As I was listening to Paul Wulff's radio show last week, something struck me as incredibly interesting. He mentioned that the Cougs had a pair of JC transfers who could each help the team right now -- probably as starters -- but that the coaches were electing to redshirt both in order to maximize future performance out of the two.
(I can't remember who they both were, but I do remember that one was defensive lineman Bernard Wolfgramm.)
I mention this not to start a conversation on the team's JC philosophy, but to provide some perspective on the quarterback situation, where it looks like Gary Rogers' chance to be the quarterback we all hoped he would be has vanished, as coach Paul Wulff wants to start Kevin Lopina again, bad wrist and all.

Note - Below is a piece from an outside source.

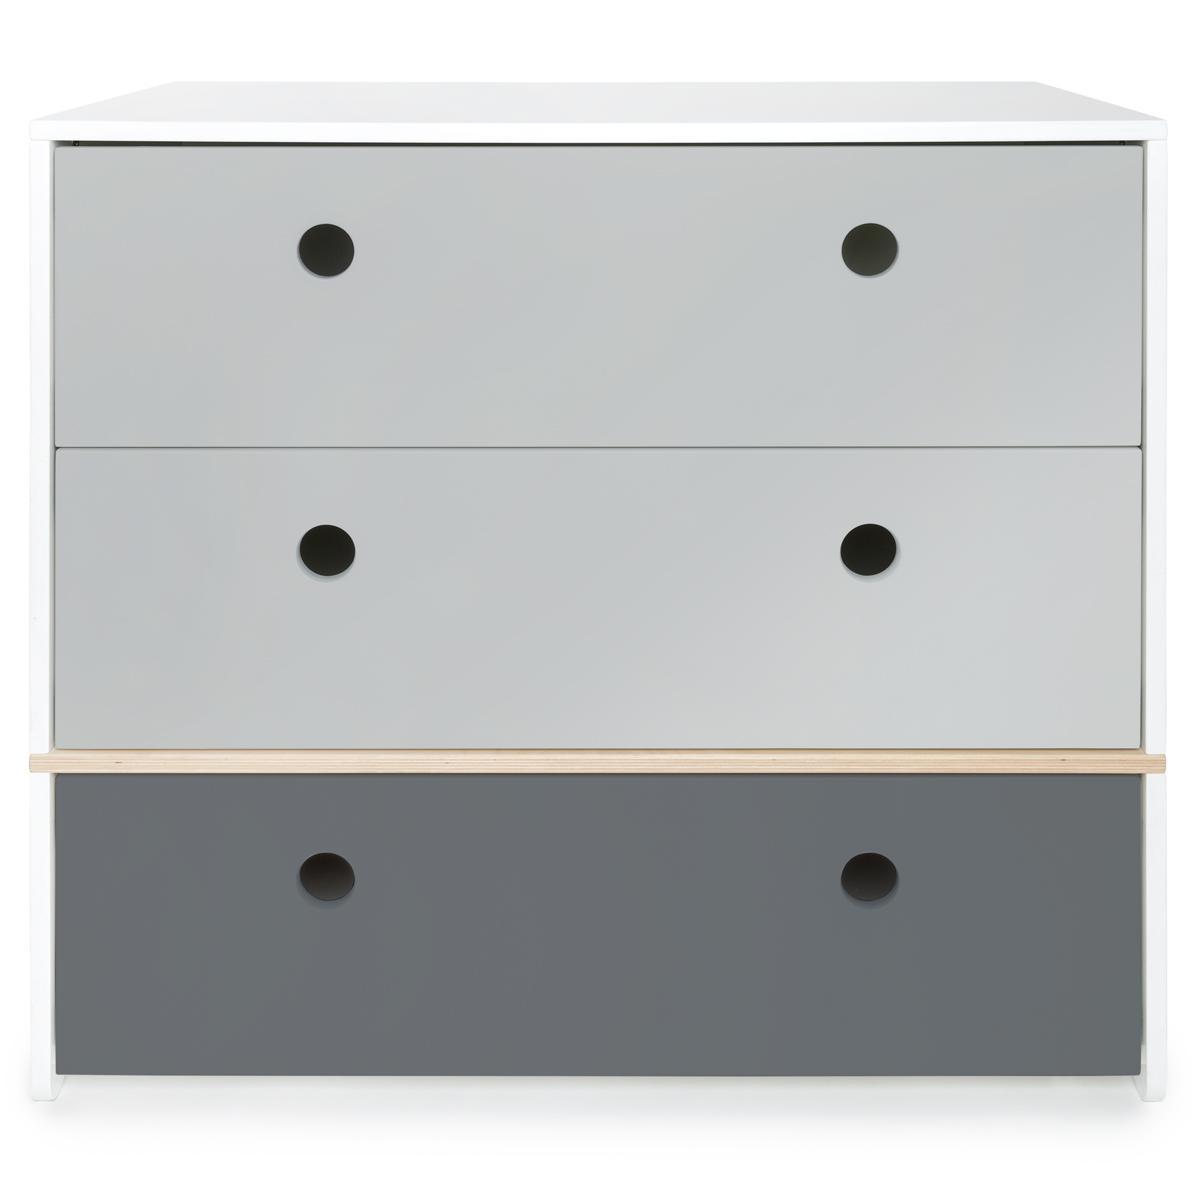 Kommode COLORFLEX Schubladen Farben pearl grey-pearl grey-space grey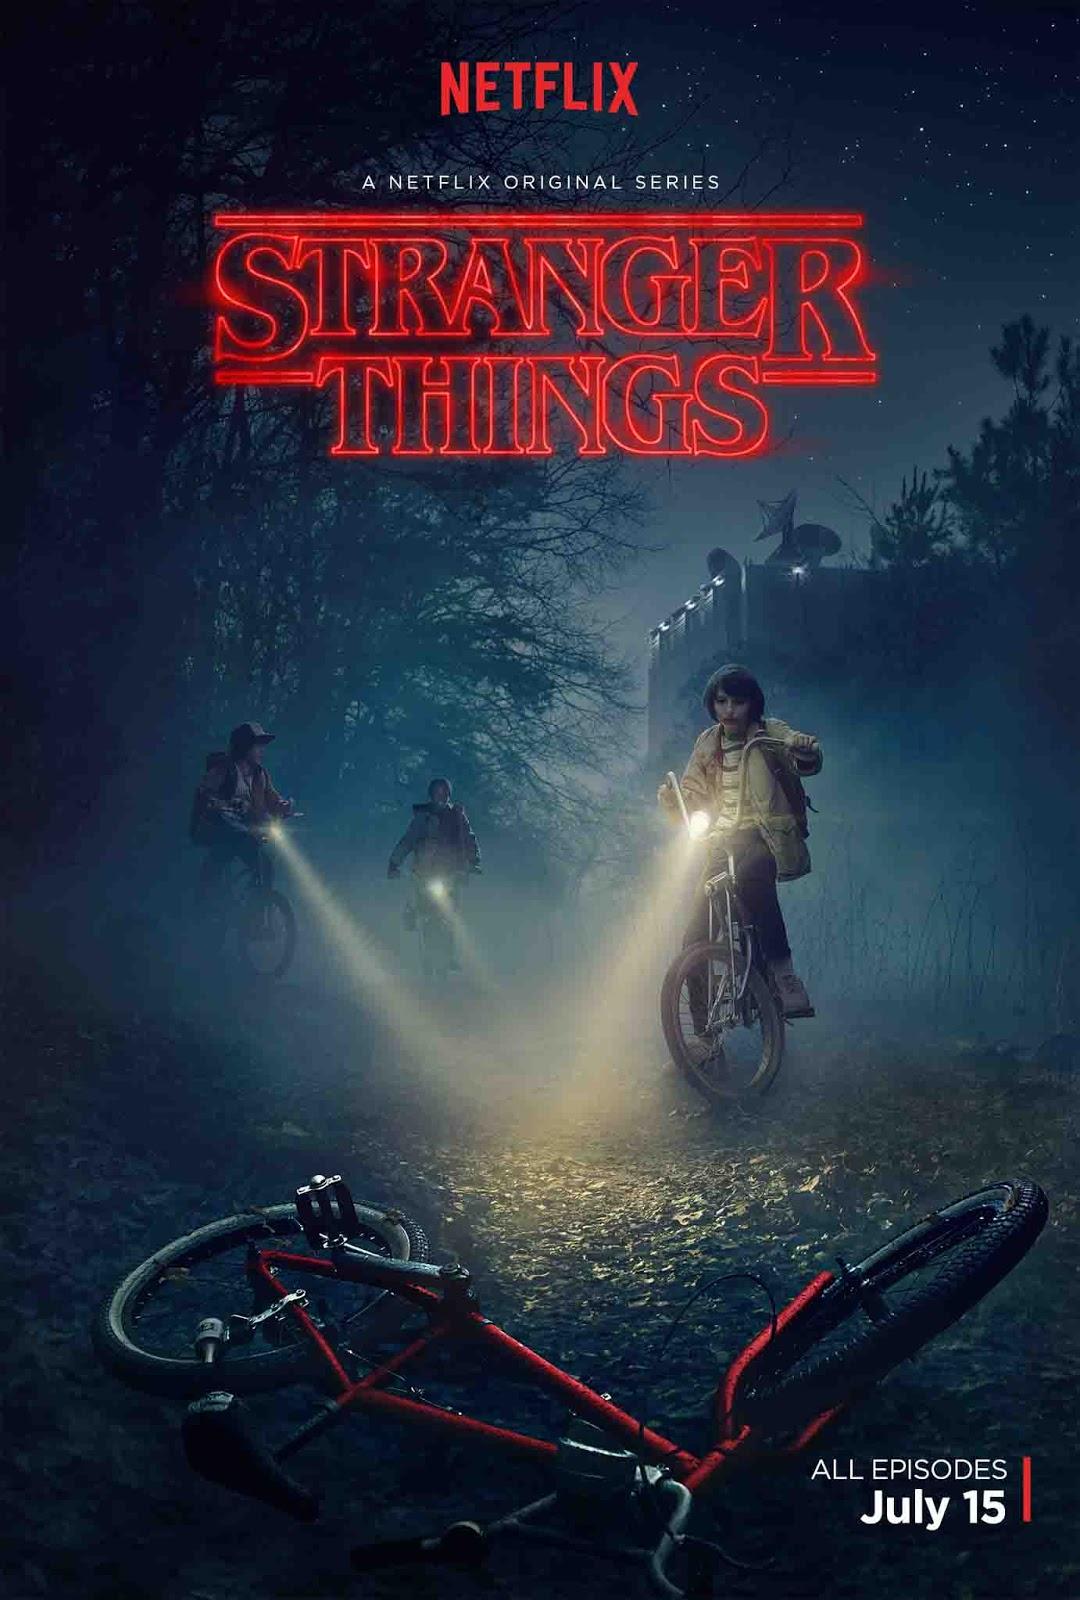 Stranger Things 1ª Temporada Torrent - WEBRip 720p/1080p/4K Dual Áudio

Now, Wulff is saying the politically correct things, noting that Rogers probably will play on Saturday against Portland State, and that he won't "rule out" Rogers playing a lot. But the proof is in the pudding, and every message Wulff sends indicates Lopina is his guy going forward and, barring some kind of injury or catastrophic play by Lopina, you've probably seen the last of Rogers playing meaningful football for the Cougars.
First, Wulff said much the same thing about Rogers' playing time heading into the game against Baylor, but he took the field only after, A) Lopina got a long, long look and showed an ability to move the offense, turnovers notwithstanding; and B) The game was way out of hand.
Additionally, Wulff said Lopina will get the majority of the reps with the first team in practice this week "if (he) is healthy." That doesn't exactly scream, "open quarterback competition."
Lastly, and perhaps most damning, is that Portland State gives whomever is starting the best possible chance to have some success going forward. If this team was invested in Rogers for the rest of the season, he absolutely would be starting this game. But he's not, and that says everything you need to know.
Is it fair? Probably not. But I think Wulff is absolutely making the right decision.
Of course, we know Rogers' story all too well: Career backup who waited patiently while Alex Brink set all kinds of records, even as the fans consistently called for the tall, rocket-armed gunslinger to see the field. He finally gets his chance in this, his fifth and final year, but after just six quarters of undistinguished play ... poof! Back to the bench.
And while some might argue that six quarters just isn't enough time to evaluate a quarterback, I would argue that Rogers has had every opportunity to be successful. He was installed as the No. 1 quarterback from the moment last season ended. He went through the entire offseason and all of training camp as the starter, practicing everyday with the No. 1 offense. He started the season as the top quarterback, even as the whispers grew louder that Lopina had been outplaying Rogers in practice.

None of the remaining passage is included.